===== Data supplied =====

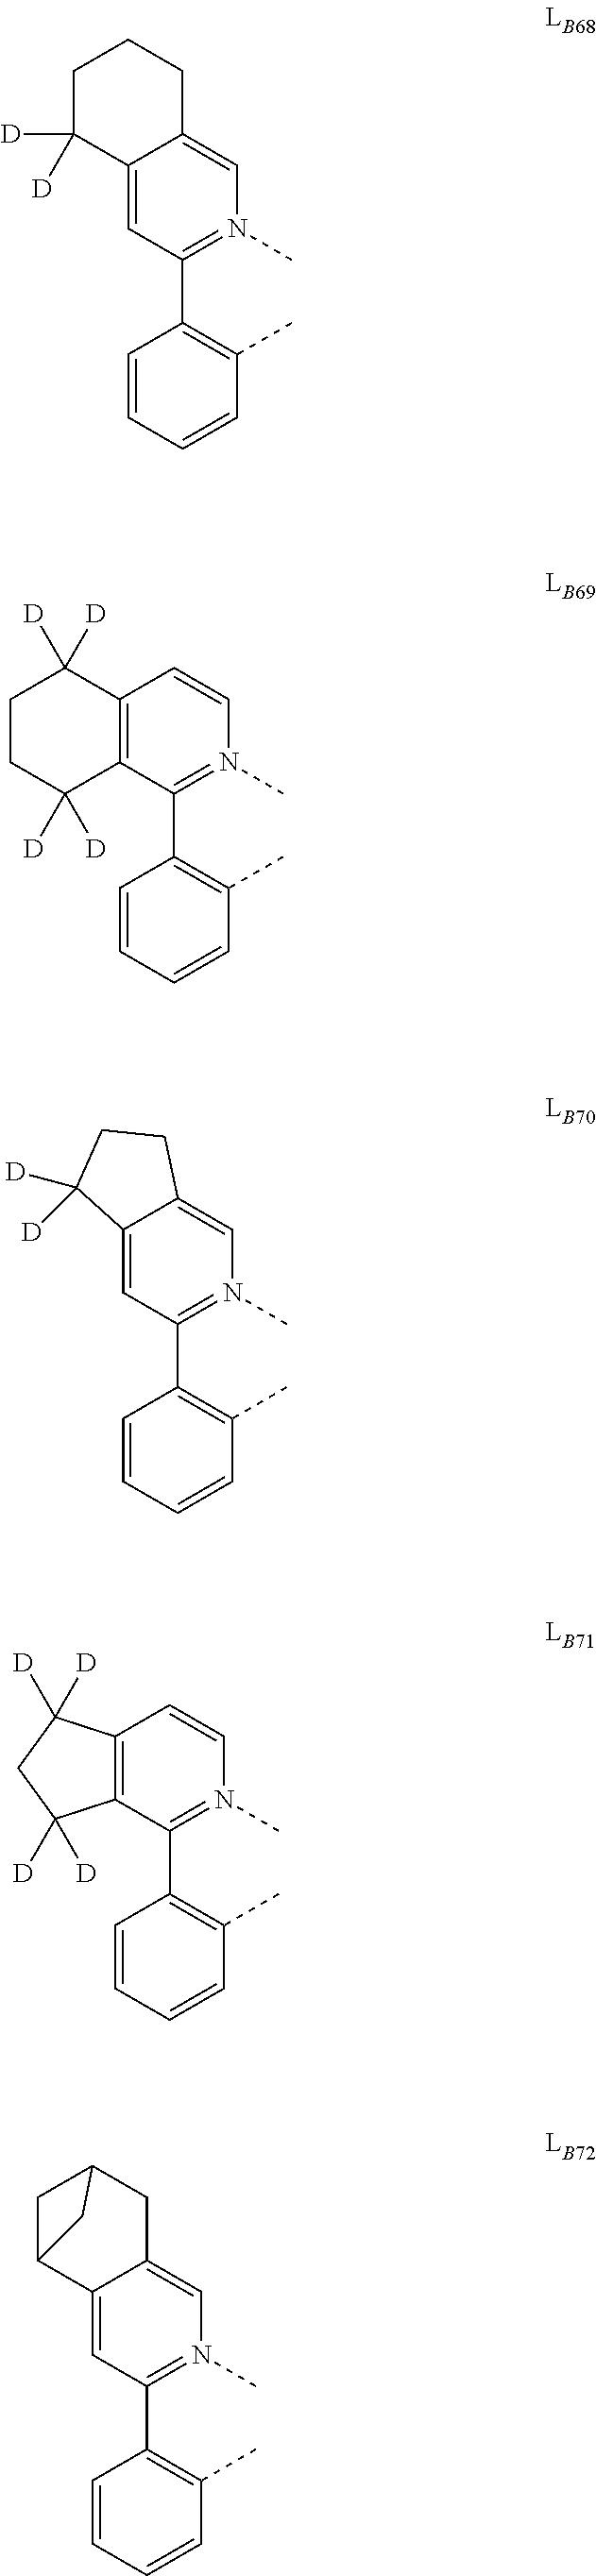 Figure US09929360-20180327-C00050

=====
===== Data supplied =====

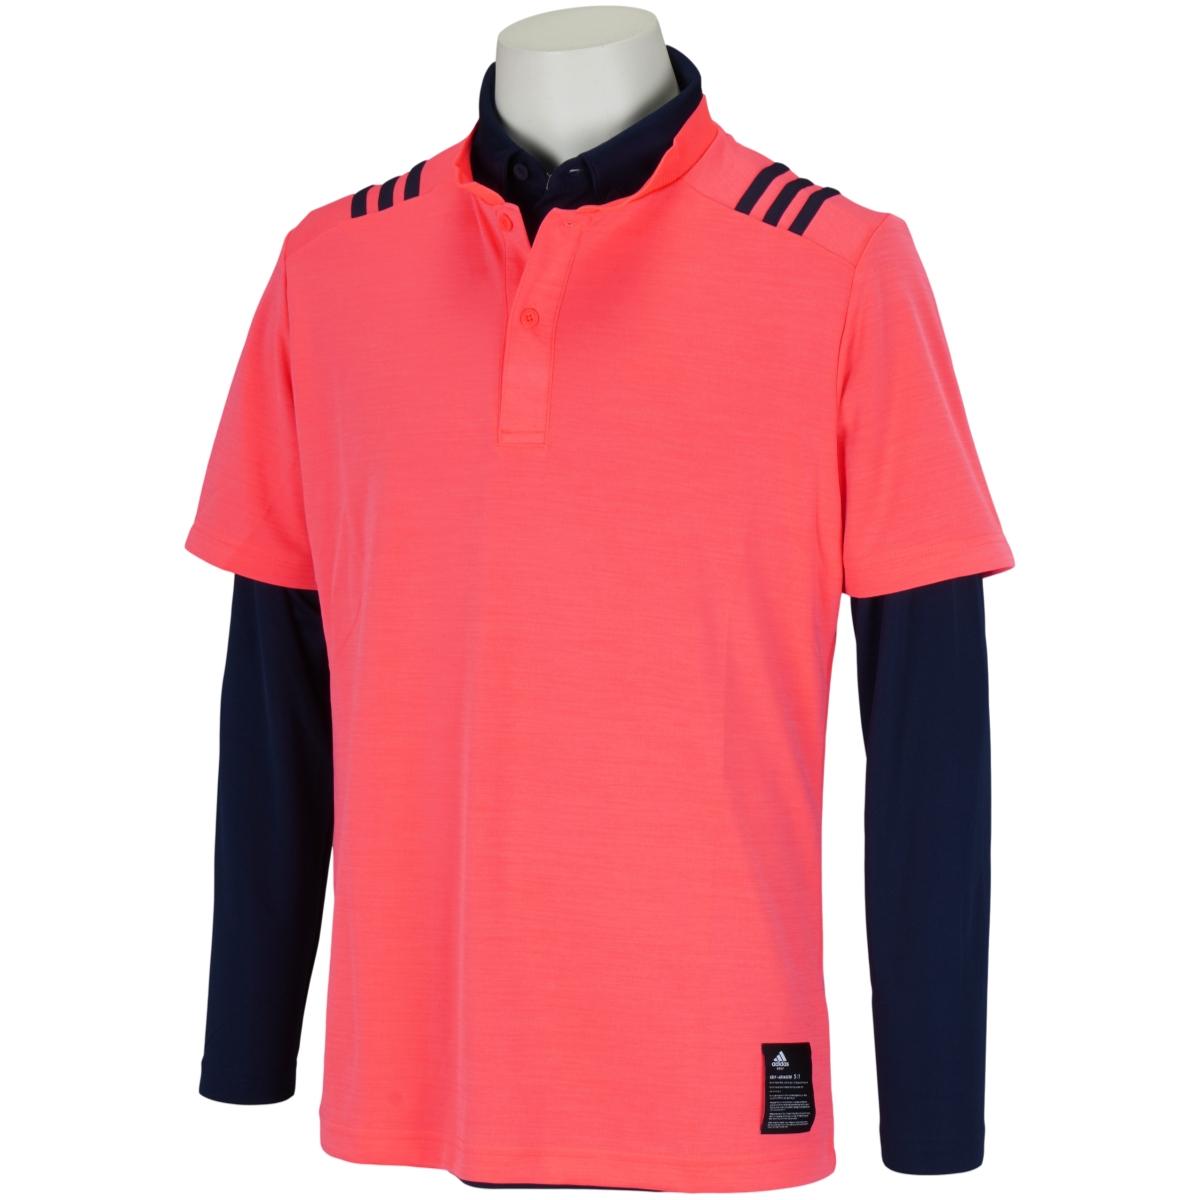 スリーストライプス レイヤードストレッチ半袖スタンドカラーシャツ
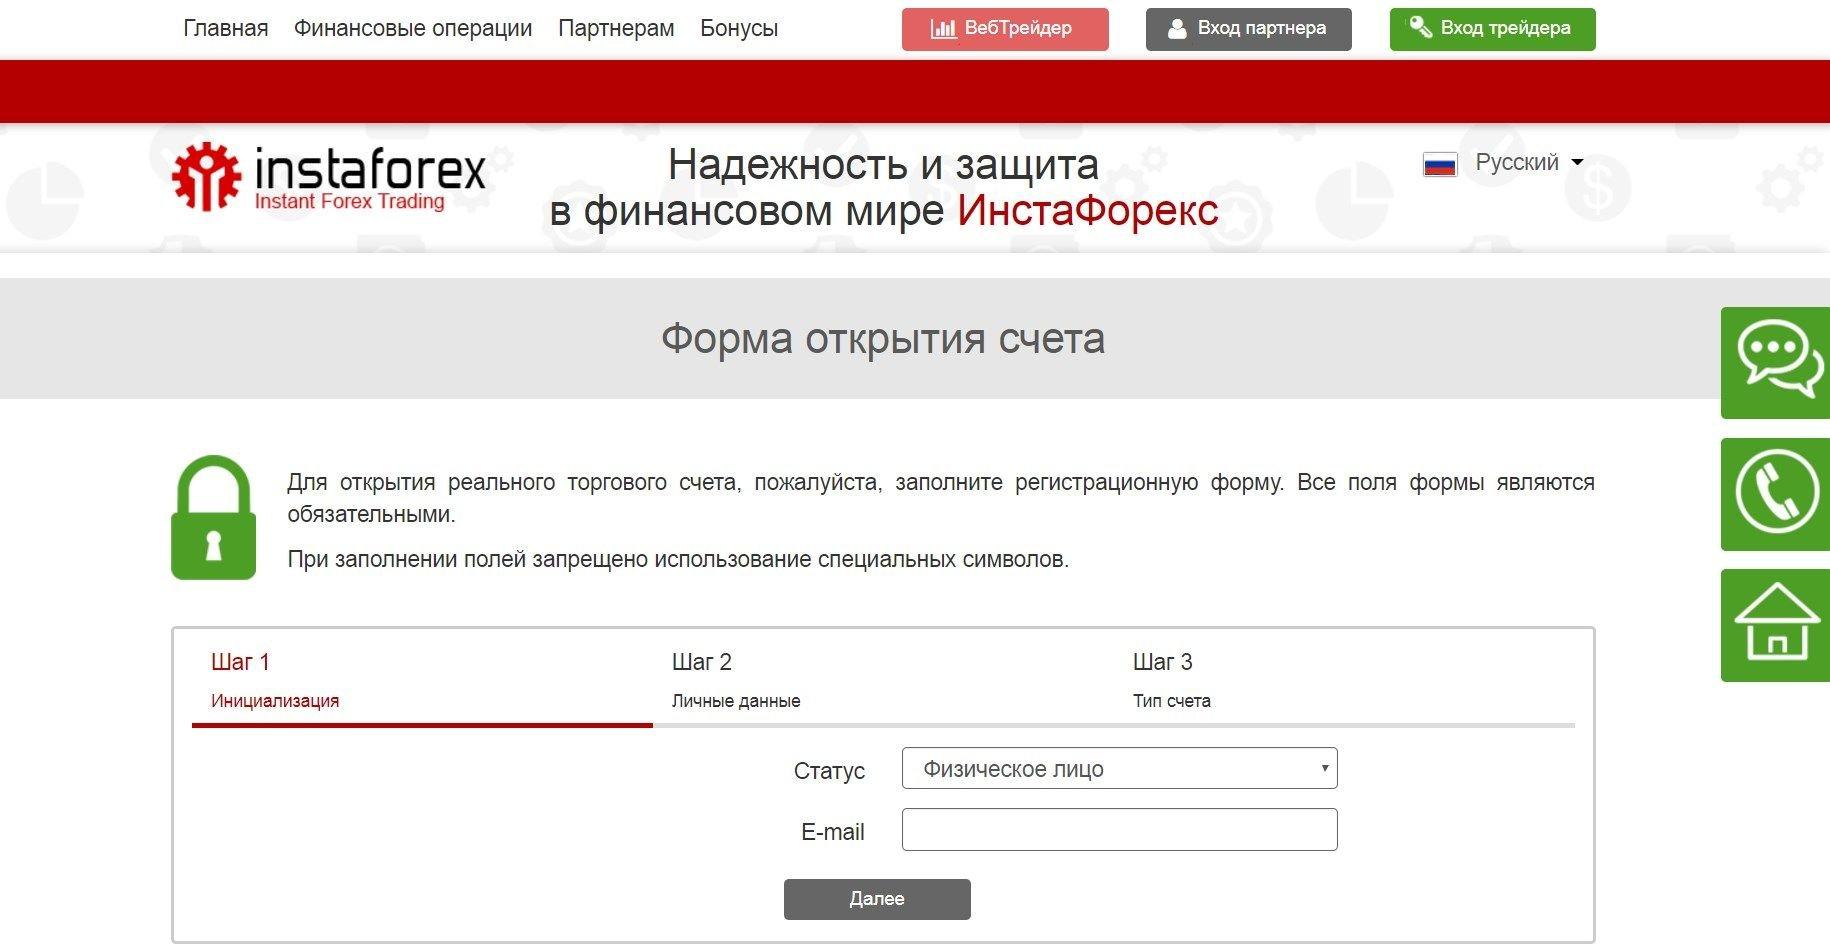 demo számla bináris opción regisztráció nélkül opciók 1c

=====

Task directions – Transcribe only the lines above that start at the line containing "スリーストライプス レイヤードストレッチ半袖スタンドカラーシャツ" and end at the line containing "demo számla bináris". Omit pictures.

Output of the exercise –
 スリーストライプス レイヤードストレッチ半袖スタンドカラーシャツ
 demo számla bináris opción regisztráció nélkül opciók 1c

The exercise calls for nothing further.